La Recommandation (2002) 12 du Conseil de l’Europe développe cette perspective d’intégration des Droits de l’Homme dans l’éducation à la citoyenneté dans deux affirmations. Ce texte est le résultat d’une assez longue série de travaux concrets. Il a donc passé, il me semble, le test de réalité. Le texte a aussi passé les tests bureaucratiques, les fonctionnaires timides du Ministères de l’Education, les ambassadeurs, etc. Dans ce domaine, la faiblesse d’une organisation inter-gouvernementale est peut-être un avantage, et donc je peux vous affirmer que ce texte est le fruit d’un consensus vraiment extrêmement large en Europe.

Le premier principe est que l’éducation à la citoyenneté est une responsabilité essentielle du système scolaire et qui doit être mise en œuvre, tant au niveau des pratiques de la communauté scolaire que dans les enseignements spécifiques de contenus. Le deuxième principe est qu’il convient de dépasser la simple instruction civique et de viser un apprentissage du respect des droits de l’autre. Il est clair donc qu’il est question ici d’une véritable éthique partielle de l’enseignement.

Un autre élément est fourni par une autre Recommandation sur l’enseignement de l’histoire, (2001)15. J’enparlerai brièvement parce que l’enseignement de l’histoire ne pose pas beaucoup de problèmes en France. Ce texte ne se contente pas d’affirmer une déontologie évidente, pas de mensonges ni de manipulations- hélas ce sont des rappels utiles dans les nouveaux pays membres - mais il préconise aussi un enseignement de l’histoire à perspectives multiples, c’est-à-dire pour la prise en compte de perspectives d’autrs groupes qule le nötredans les évènements passés et cela dans l’intérêt de la compréhension mutuelle, autant que de l’intégrité scientifique.

Un troisième élément est fourni par un nouveau projet sur l’éducation interculturelle et le dialogue entre les religions, qui a ouvert le sujet très sensible de la religion à l’école. C’est un nouveau projet et il n’existe pas encore de texte normatif. Un élément commun se dessine déjà. Il y a différents modèles pratiqués en Europe. Il y a la laïcité en France, - sauf en Alsace ;l’enseignement de la religion confessionnelle ; ou l’enseignement de la religion sur une base comparative. Mais à partir de ces trois modèles, il faut toujours aboutir à l’ouverture de l’esprit des jeunes aux croyances ou aux incroyances de l’autre, ce qui suppose des connaissances de base autour d’une disponibilité au dialogue.

Où est la place de l’éthique et la religion dans ce débat ? Il est clair que dans ce modèle où il existe un enseignement de la religion formelle, il est possible de mettre l’accent sur les aspects éthiques avec lesquels il y a beaucoup moins de différences entre les religions que dans les doctrines spécifiquement théologiques.
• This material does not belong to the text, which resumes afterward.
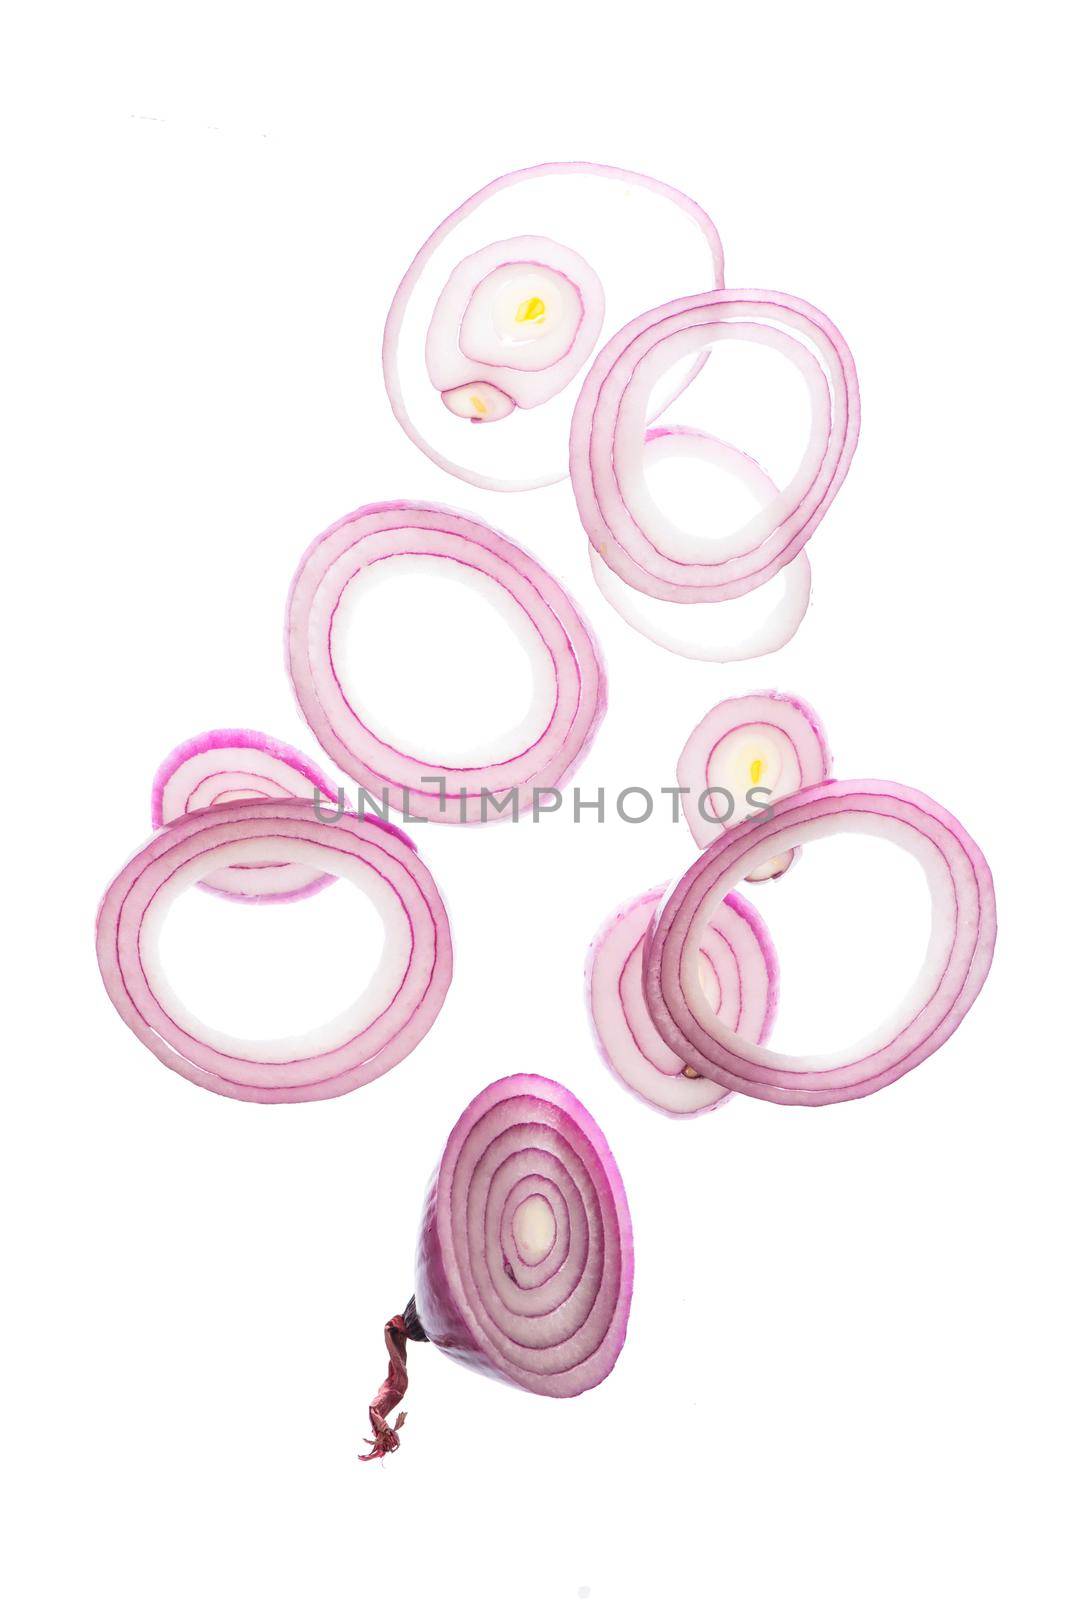 juicy raw onion cut into rings sprinkled on a white plate by aprilphoto

Le résumé de la Loi de Jésus, et beaucoup de Chrétiens ne le savent pas, est tout simplement une citation de deux versets de la Torah.Le rabbin Hillel avait donné exactement la même réponse cent années plus tôt, à exactement la même question. Il existe des différences éthiques entre les religions, elles sont beaucoup moindres que dans les autres aspects.

Dans le système comme l’approche française, qui, d’une façon très intéressante, propose d’intégrer ou de renforcer la prise en compte de la religion comme fait de la société dans différentes disciplines, histoire-géographie, sciences sociales, littérature, etc., il est beaucoup plus difficile de faire rentrer systématiquement cet aspect d’analyse de l’éthique de la religion, donc c’est une question que je vous pose.
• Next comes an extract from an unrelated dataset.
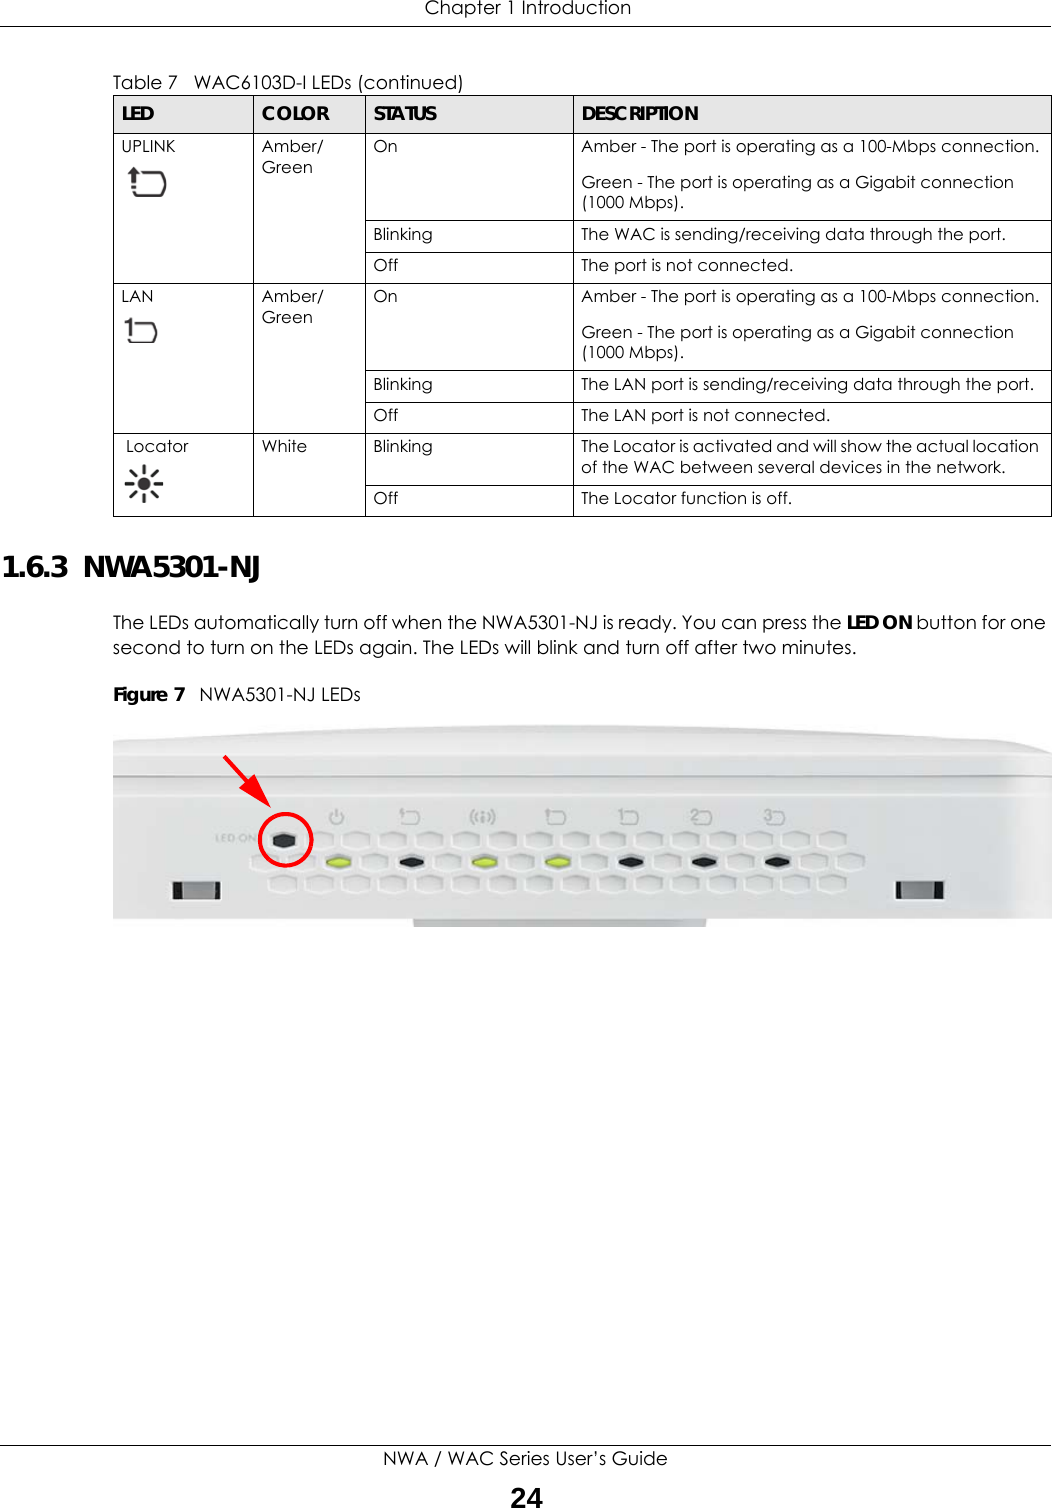  Chapter 1 IntroductionNWA / WAC Series User’s Guide241.6.3  NWA5301-NJThe LEDs automatically turn off when the NWA5301-NJ is ready. You can press the LED ON button for one second to turn on the LEDs again. The LEDs will blink and turn off after two minutes.Figure 7   NWA5301-NJ LEDs UPLINK Amber/GreenOn Amber - The port is operating as a 100-Mbps connection.Green - The port is operating as a Gigabit connection (1000 Mbps).Blinking The WAC is sending/receiving data through the port.Off The port is not connected.LAN Amber/GreenOn Amber - The port is operating as a 100-Mbps connection.Green - The port is operating as a Gigabit connection (1000 Mbps).Blinking The LAN port is sending/receiving data through the port.Off The LAN port is not connected. Locator White Blinking The Locator is activated and will show the actual location of the WAC between several devices in the network.Off The Locator function is off.Table 7   WAC6103D-I LEDs (continued)LED COLOR STATUS DESCRIPTION

La difficulté présentée par ces principes assez consensuels, réside essentiellement dans la pratique. Un exemple est fourni par un rapport que nous avons fait sur l’enseignement de l’éducation à la citoyenneté dans les pays de l’Europe du sud-est. Dans tous ces pays, il existe de magnifiques politiques, plus progressistes que dans l’Europe Occidentale, mais la réalité ne suit pas.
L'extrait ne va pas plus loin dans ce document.